#### [Work instruction]
Word for word, the data below must be repeated in full; no picture is to be included.

#### [Material provided]
_ _ _ _ _
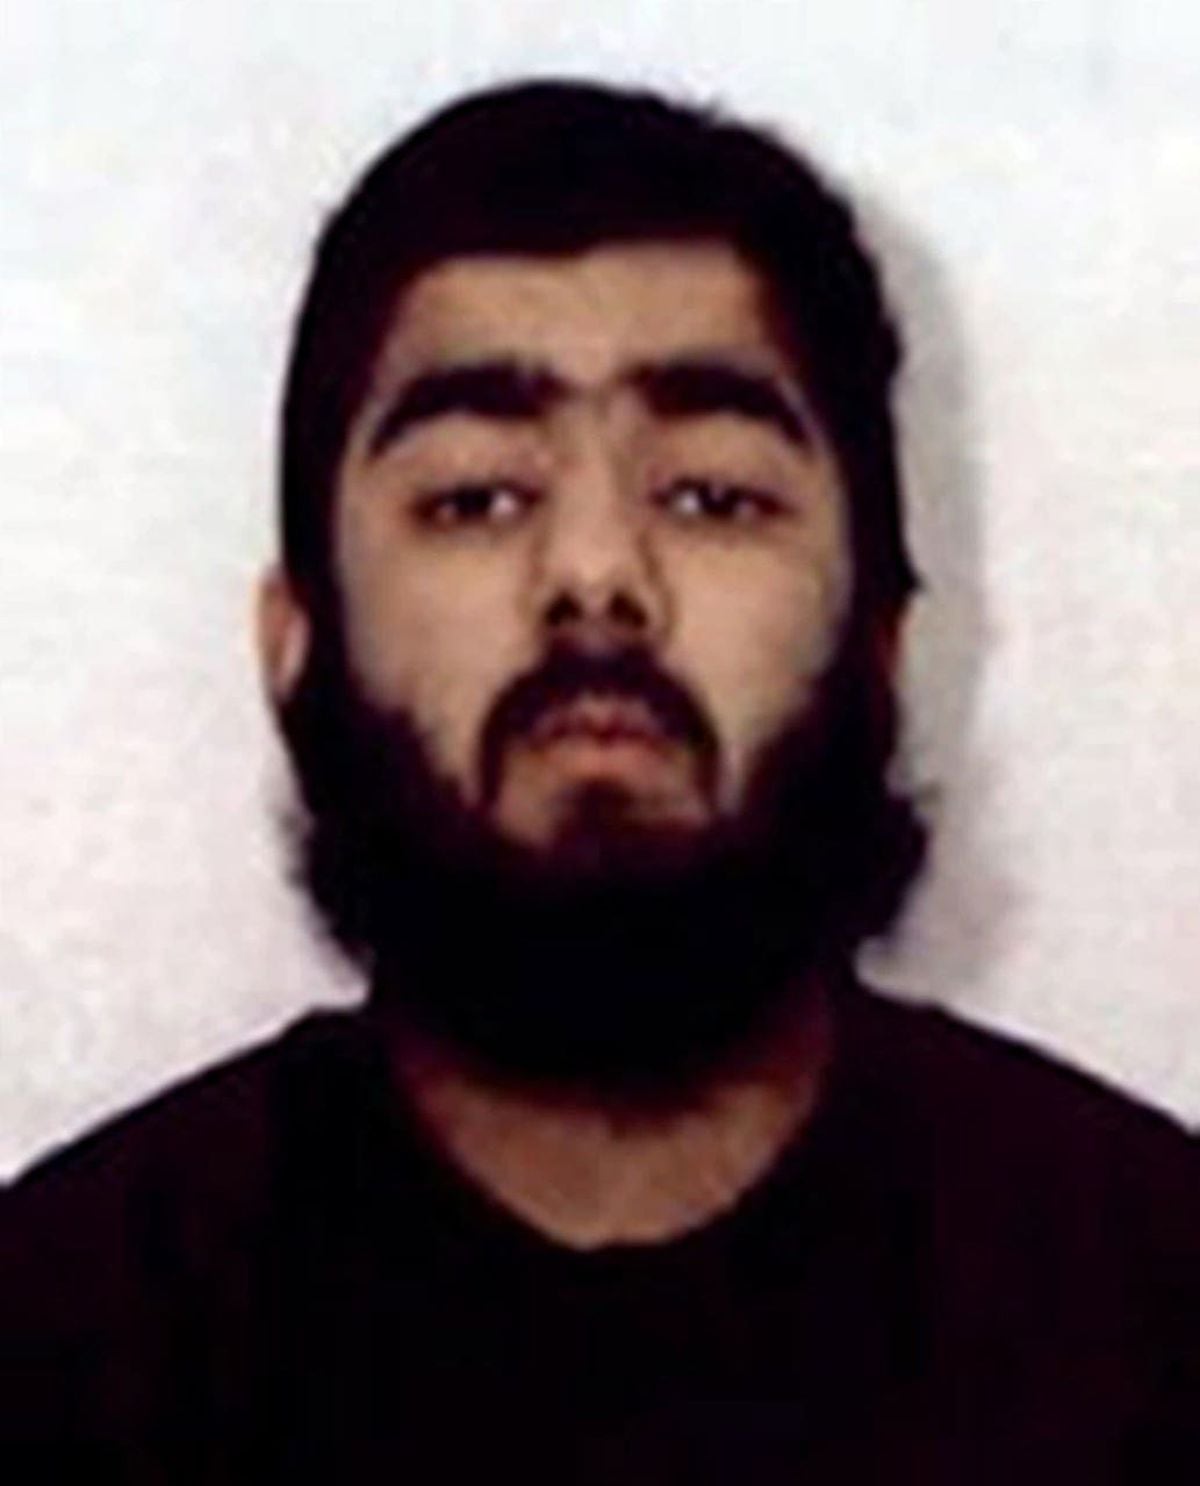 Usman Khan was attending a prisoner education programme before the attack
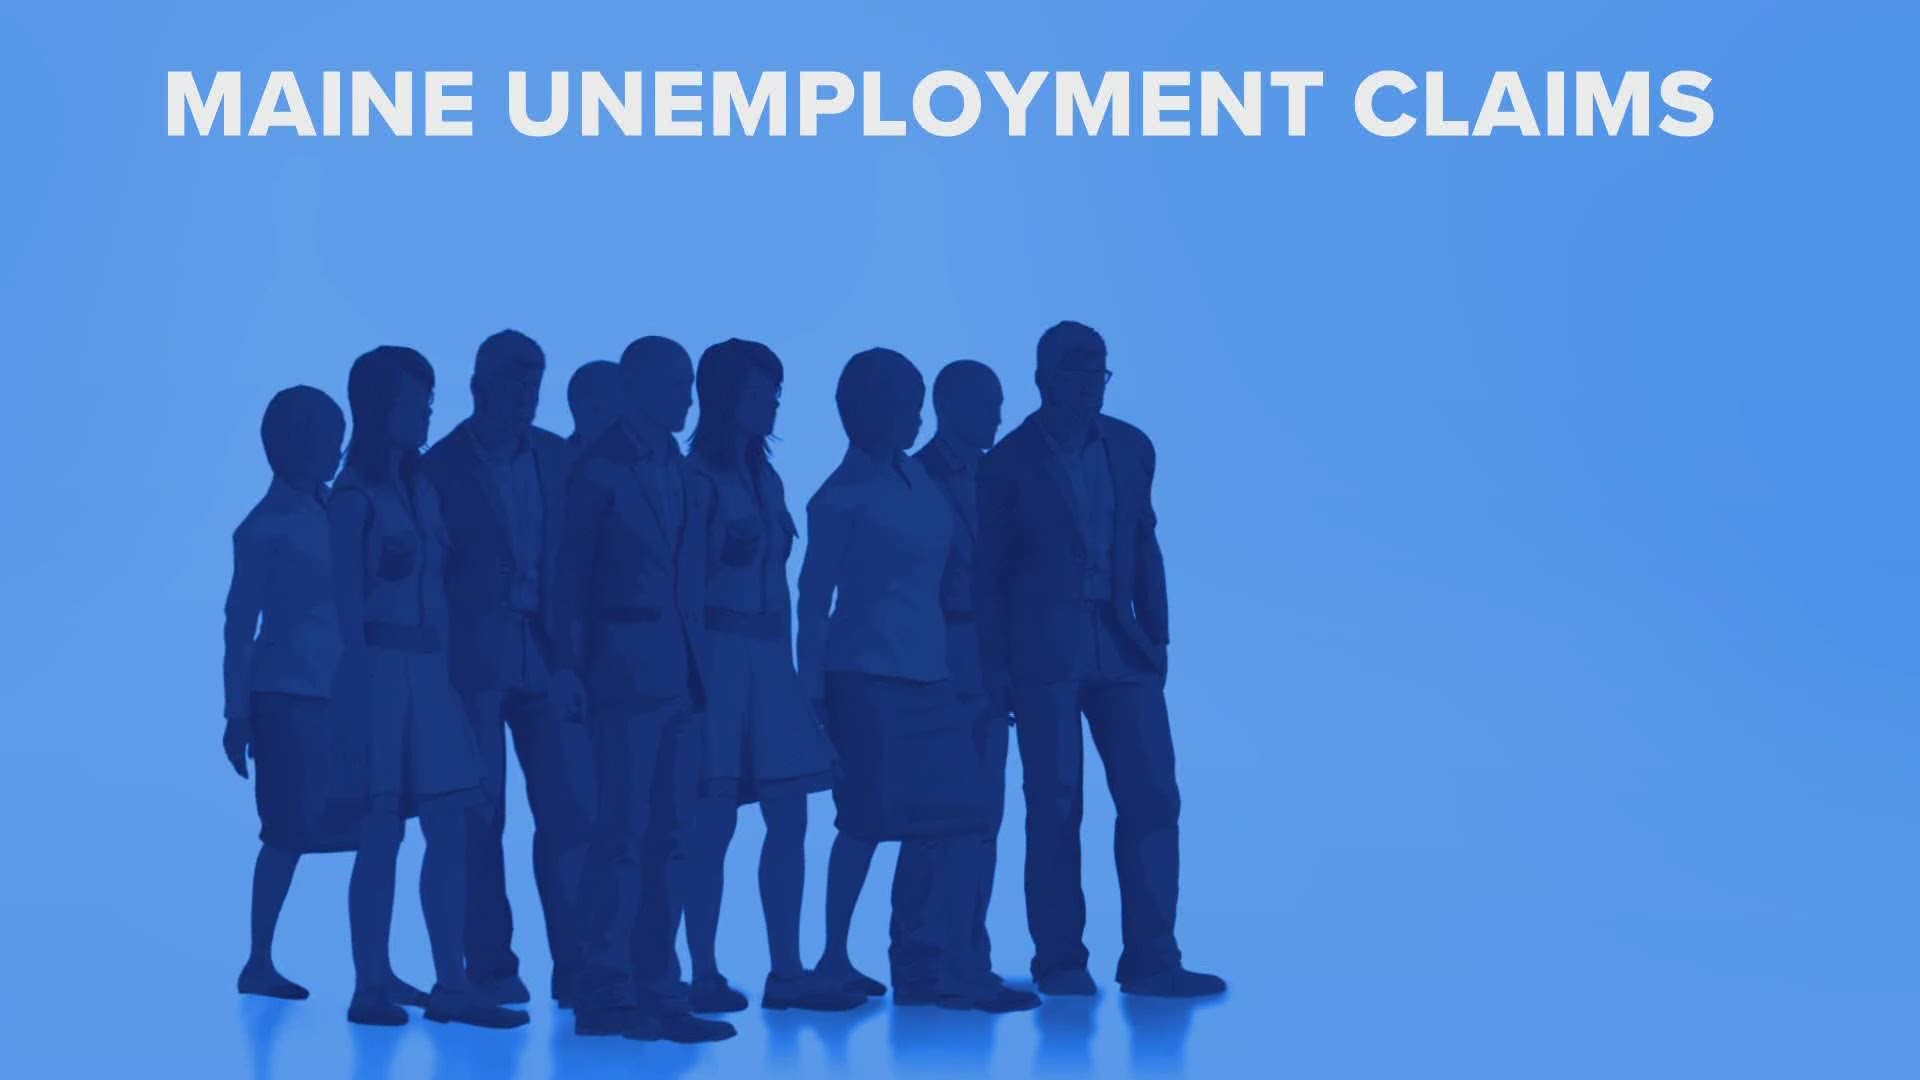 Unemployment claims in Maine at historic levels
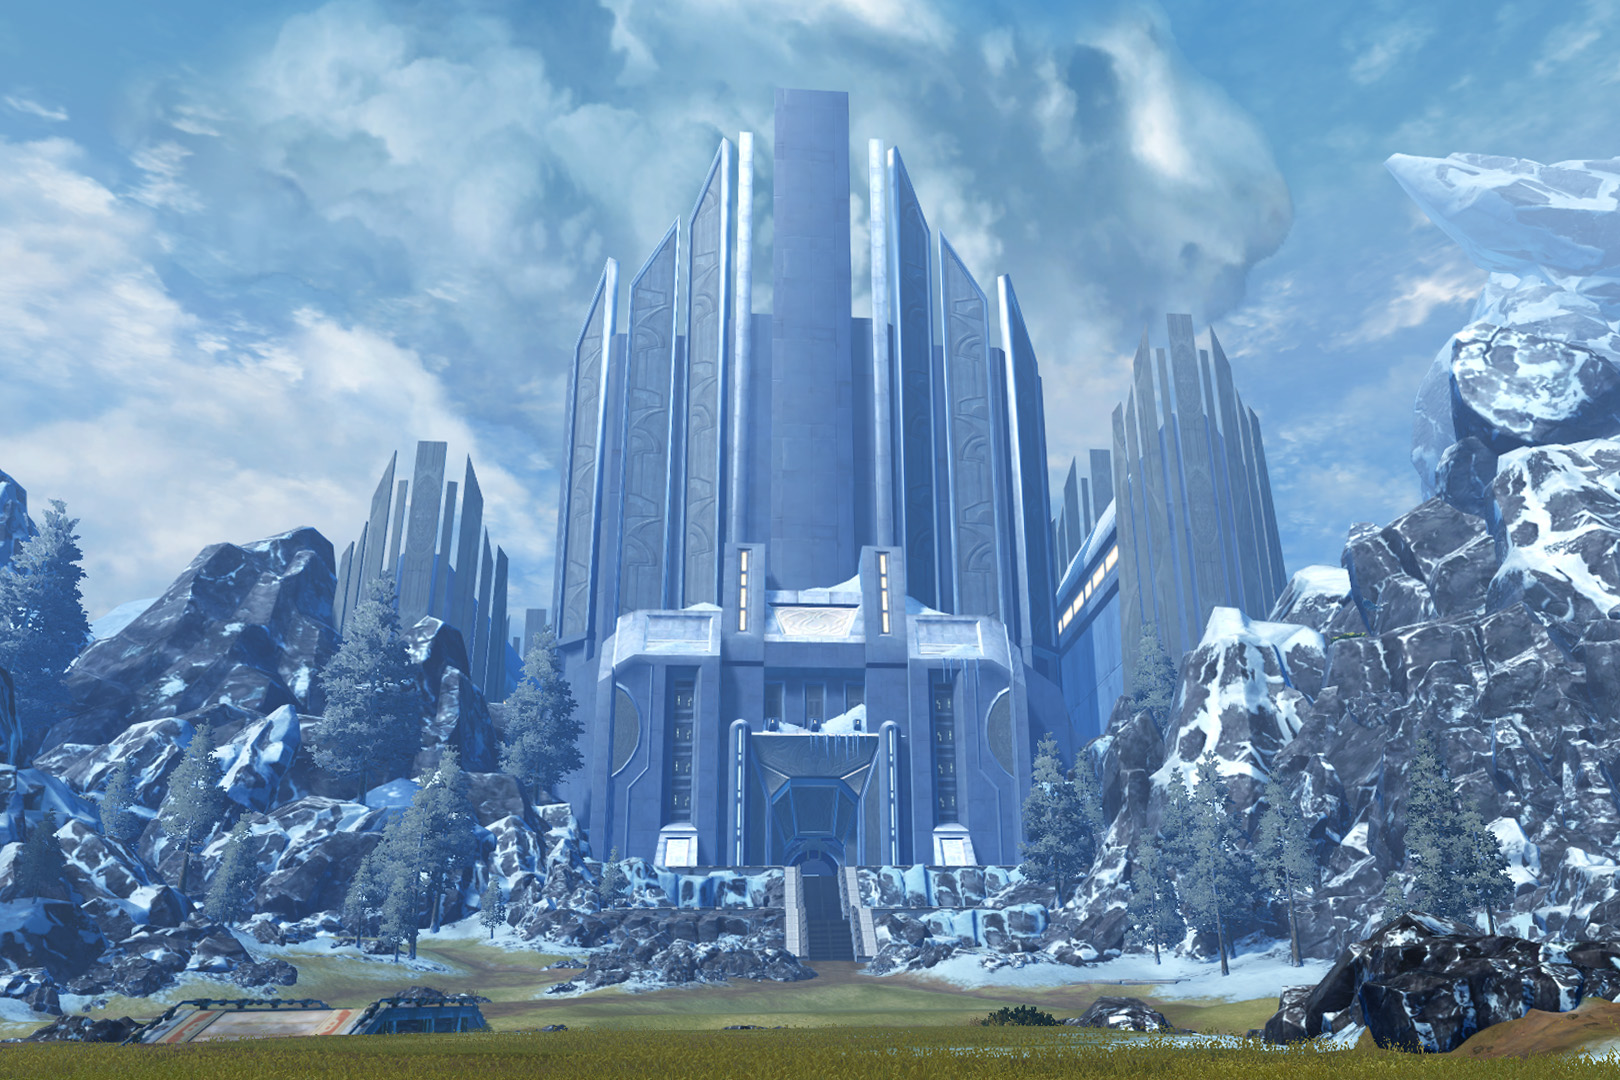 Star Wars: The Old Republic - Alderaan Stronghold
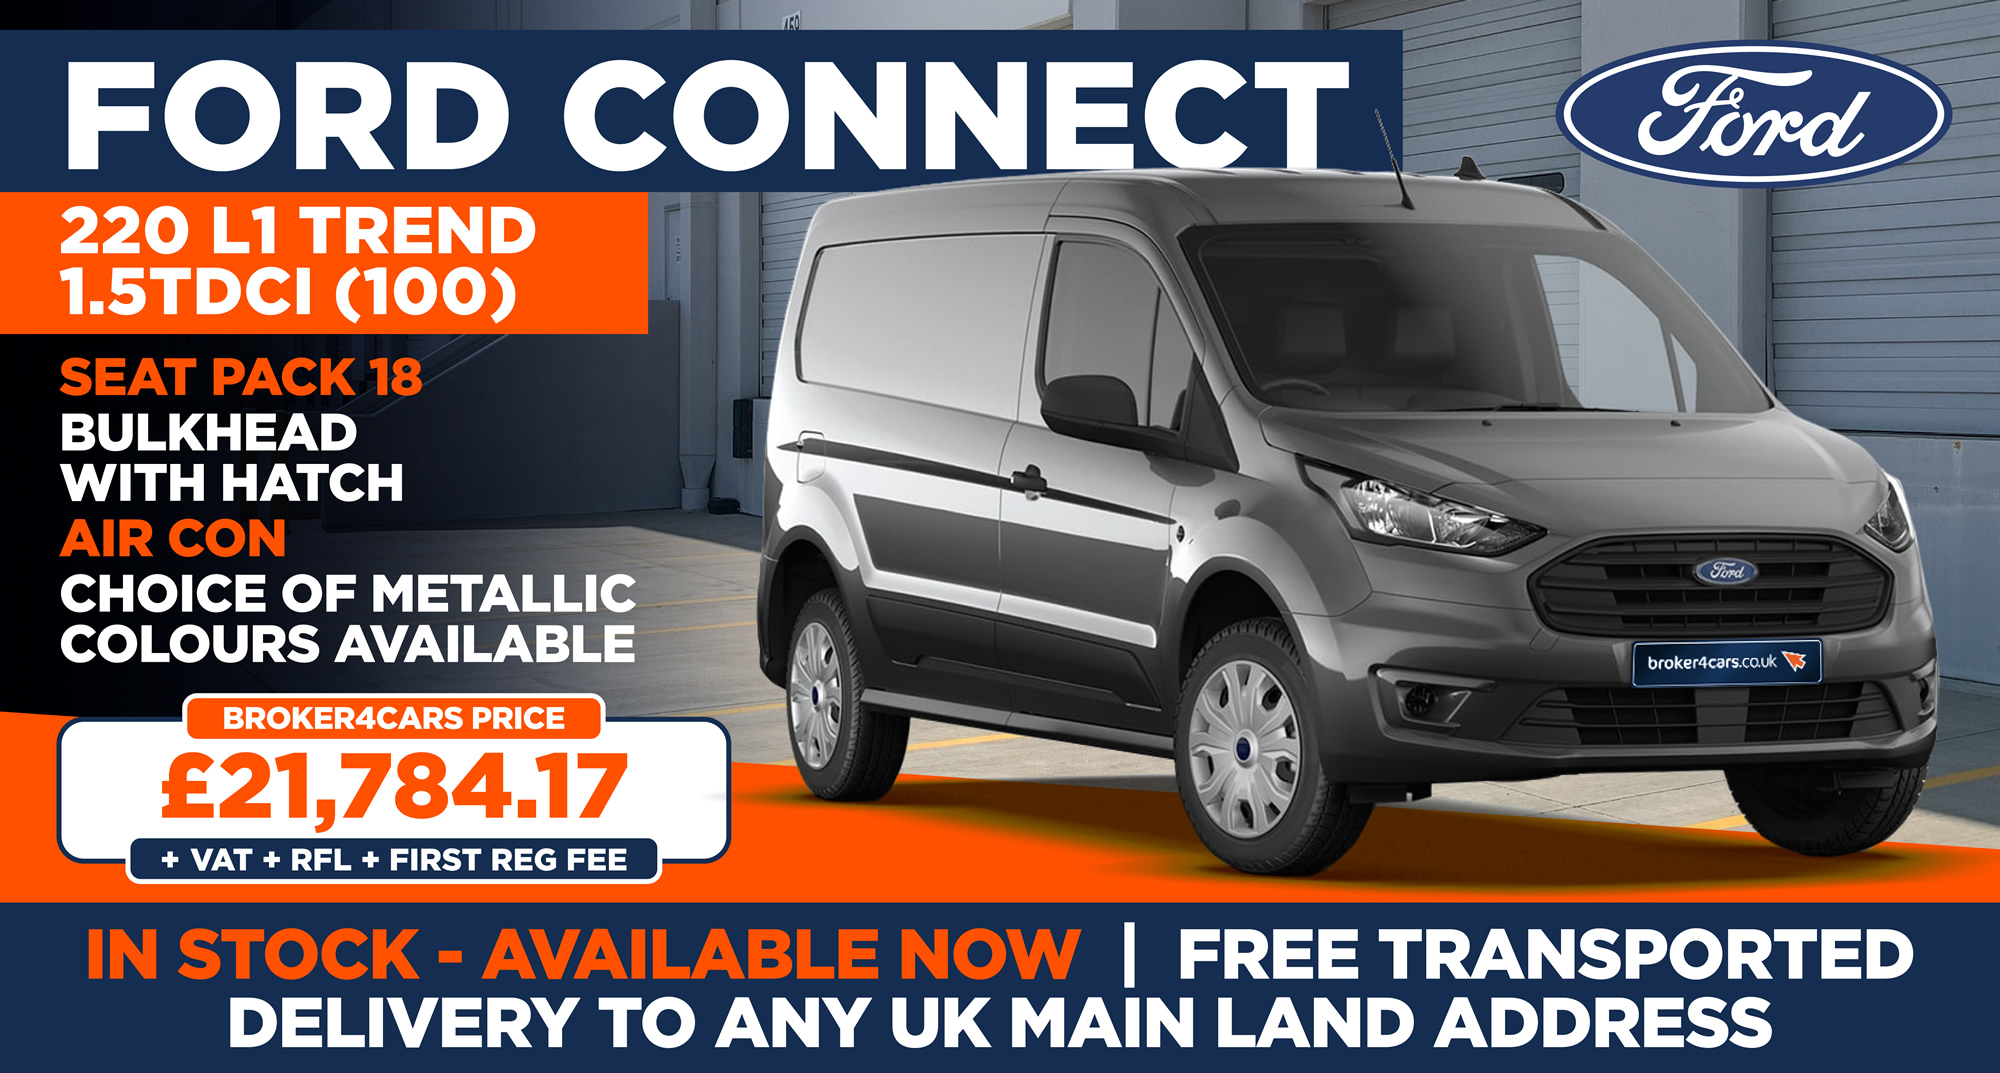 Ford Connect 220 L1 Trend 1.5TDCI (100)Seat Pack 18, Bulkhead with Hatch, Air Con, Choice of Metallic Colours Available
_ _ _ _ _
#### [Answer to this problem]
 Usman Khan was attending a prisoner education programme before the attack
 Unemployment claims in Maine at historic levels
 Star Wars: The Old Republic - Alderaan Stronghold
 Ford Connect 220 L1 Trend 1.5TDCI (100)Seat Pack 18, Bulkhead with Hatch, Air Con, Choice of Metallic Colours Available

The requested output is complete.